As far as I remember from my early encounters with Denzo and Scalepack during my visit to Yale University in the beginning of 90's (Alan Friedman, if you are listening, thank you for that)  Scalepack already is doing sort of "tinkering" and French&Wilson statistics known in other places that claim priority as Haiker statistics, is not necessary.

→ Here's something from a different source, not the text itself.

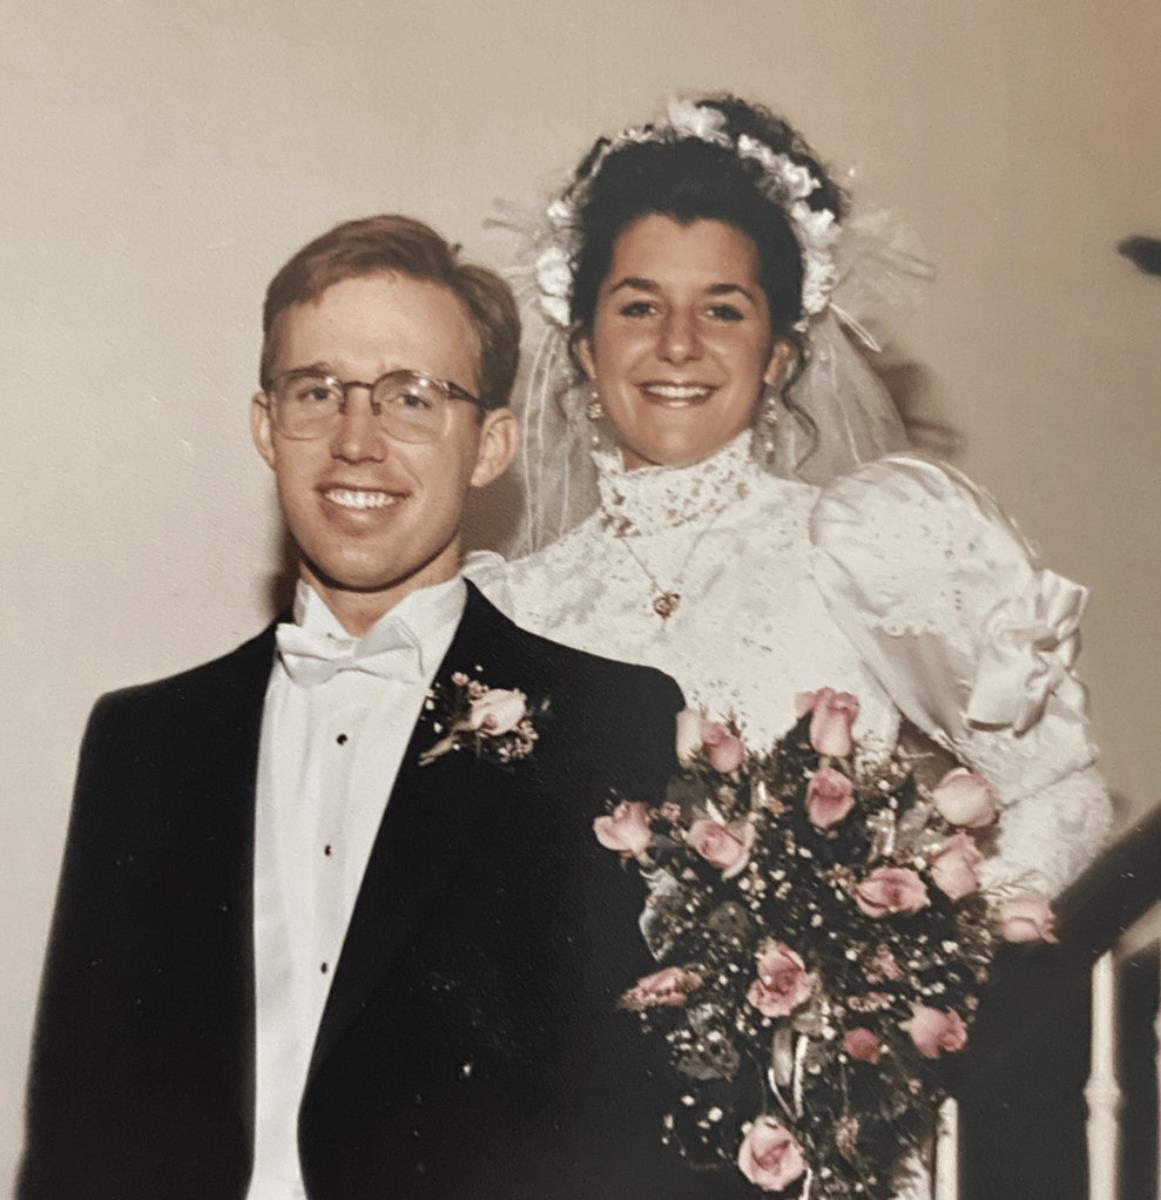 4. Sonja and Mitch's Wedding

However maybe I am wrong, and input from Otwinowsky or/and Minor may clarify situation.
FF


Dr  Felix Frolow

Professor of Structural Biology and Biotechnology

Department of Molecular Microbiology

and Biotechnology

Tel Aviv University 69978, Israel


Acta Crystallographica D, co-editor


e-mail: [email protected]

Tel:           ++972 3640 8723

Fax:          ++972 3640 9407

Cellular:   ++972 547 459 608

On May 18, 2010, at 01:35 , Nathaniel Echols wrote:

On Mon, May 17, 2010 at 3:18 PM, Ed Pozharski <[email protected]> wrote:
I have always used denzo/scalepack, and then scalepack2mtz to
convert .sca file to .mtz file.  So my data is always processed
according to French&Wilson.

Now from what you are saying I understand that there is some possibility
to get into using non-truncated data with phenix?  And not only that, it
seems to be the default?

FYI, AutoSol, AutoMR, and Phaser all accept scalepack files as input (or d*TREK or XDS, I think), and generate MTZ files as output, so if a user jumps directly from HKL2000 to Phenix, it would be very easy to skip the French&Wilson step.  The need to run an extra conversion step in a different suite is not going to be obvious to grad students (and many if not most postdocs).

We've discussed implementing the French&Wilson protocol in CCTBX, but I don't know how much work that is (since I still don't know what it actually does after reading this entire discussion).